The study was critical of the department’s evidence and property storage room and how things were catalogued and stored, but Hite responded: “It has never been called into question in court.”

“We don’t lose evidence,” Thomas said.

ICMA was harsh on the detective unit, saying it had “substandard” office space, lack of a case management system and little oversight.

Thomas, a detective, acknowledged the department does not have case-tracking software, but said the detectives track cases the old-fashioned way.

“We track our own cases,” he said.

He contradicted the report’s claim that the detective unit only investigates homicides, shootings and sexual assaults.

“If it needs followed up on, we’ll do what we can,” he said.

The report claims the department’s 2012 clearance rates for major crimes “lag somewhat behind the national clearance average,” while Thomas interpreted the data as “comparable.”
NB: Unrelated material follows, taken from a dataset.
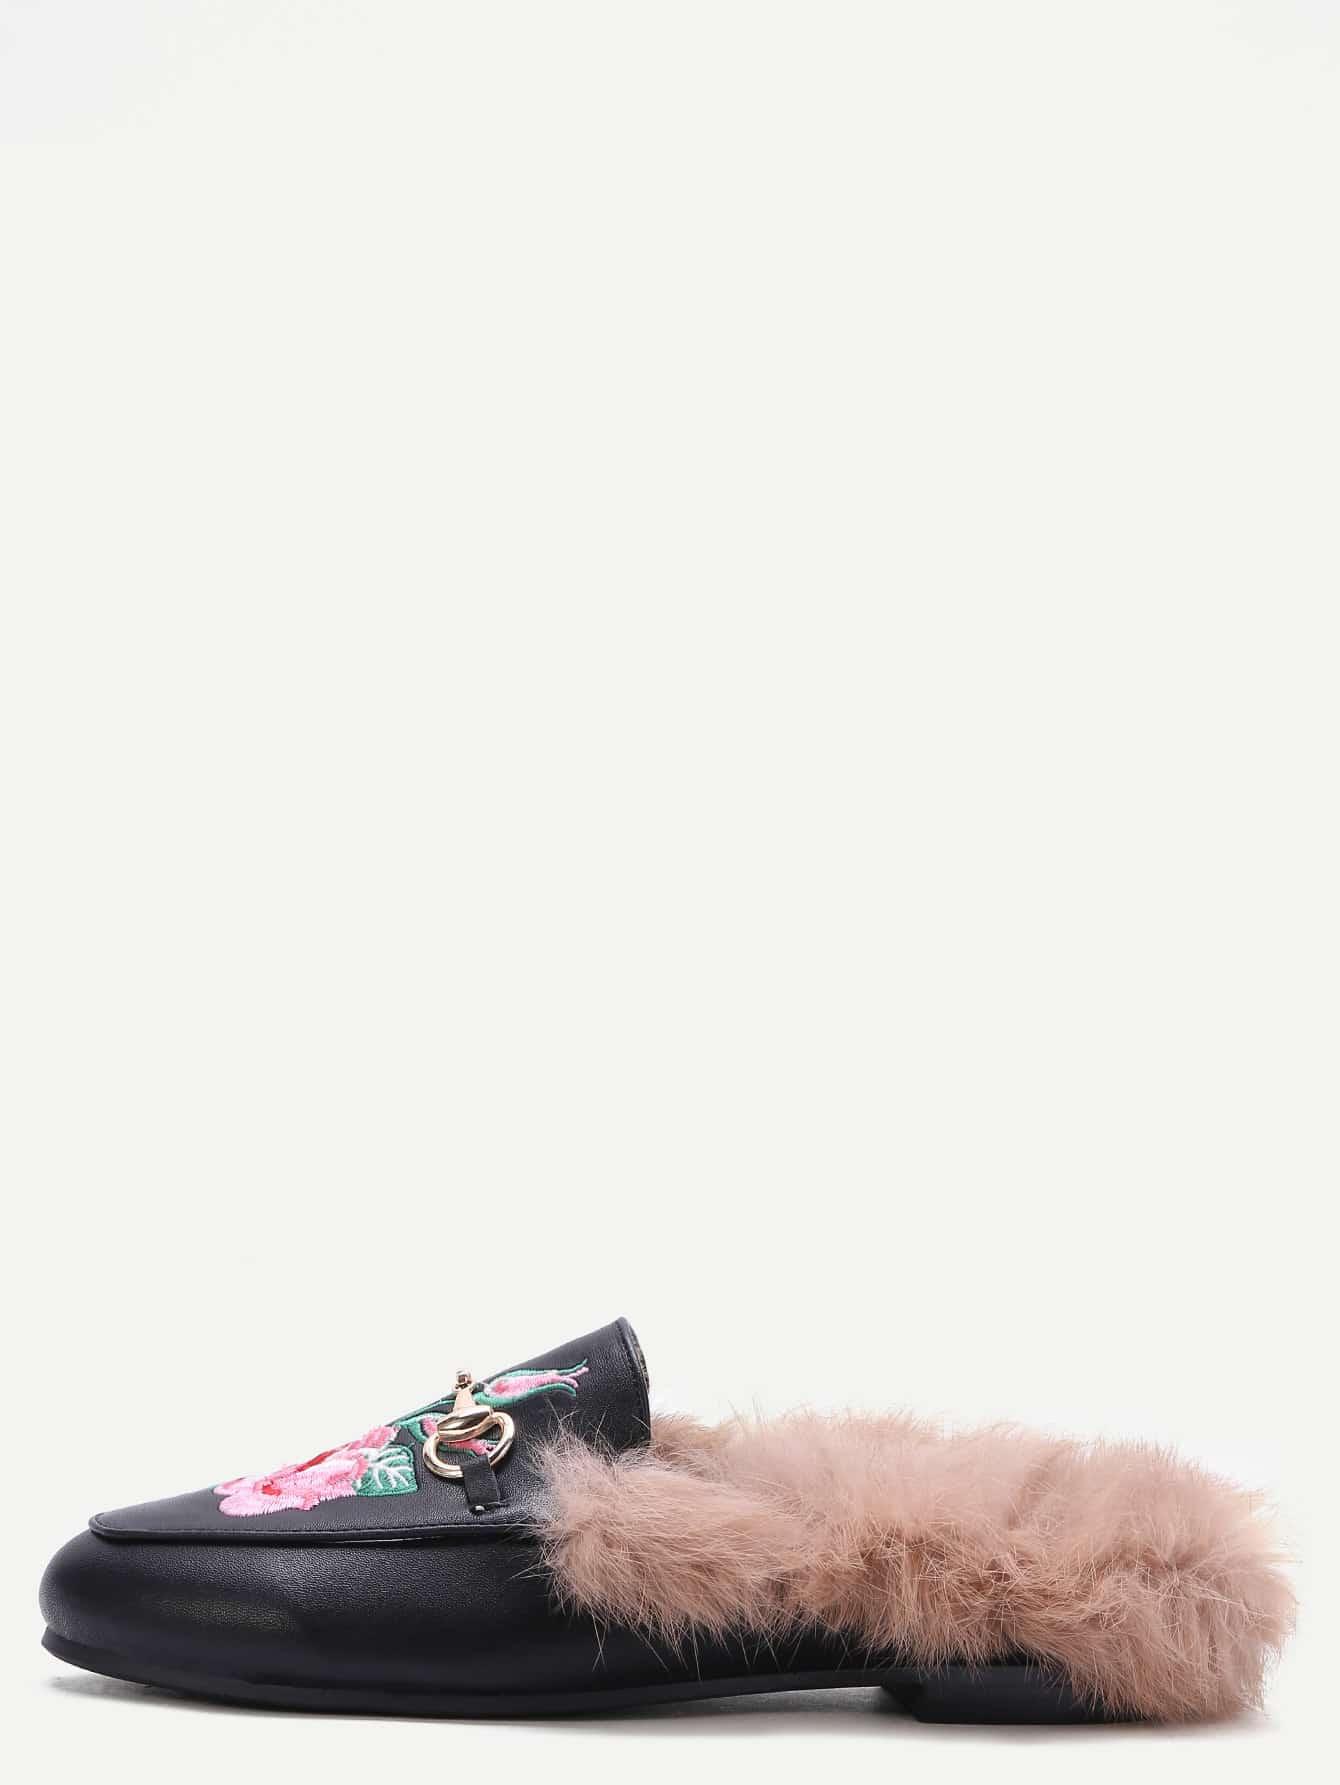 shoes161104805_2

Those lags are 6 percent for rape cases, 3 percent for robbery, 2 percent for aggravated assaults, one-half percent for robberies and 9 percent for larcenies. The department’s 100 percent clearance rate for murders exceeded the national average of 71è percent.

Smoot said he would like Southwest to become the department that the study envisions it could be, but that can’t be done without money. The report recommends hiring another staff person to help with clerical duties and data analysis, sending staffers to more training session, promoting two more officers so a supervisor would work every shift, buying a host of equipment for field and office use and renovating, at least, parts of the police station.

“We don’t have the money to do what they want,” Thomas said.

As a taxpayer and resident of Farrell, Smoot said he understands the desire for a cost-effective and efficient department. But, he hates that each year is a struggle to keep the doors open. He asked decision-makers not just to look at what they are paying.

“It’s about, when the officers respond, are they professional?” Smoot said. “Do they do the job well? Are they doing what they are supposed to do? When they leave, do you feel safer? If we fall short, give us the opportunity to correct these actions.”

Although Southwest has trouble with turnover – “ICM notes that the department’s current pay levels appear quite low in comparison to national averages” – it also has many long-term policemen.

“We love this job,” Smoot said. “There’s something about this area that made us stay here. Nobody stays here for the money.”

Thomas said he does not want to work for another department because no department gives him the range of experiences as he gets at Southwest.

“They run from an inner-city experience to running cows off the road,” he said. “We get the full gamut of police experience.”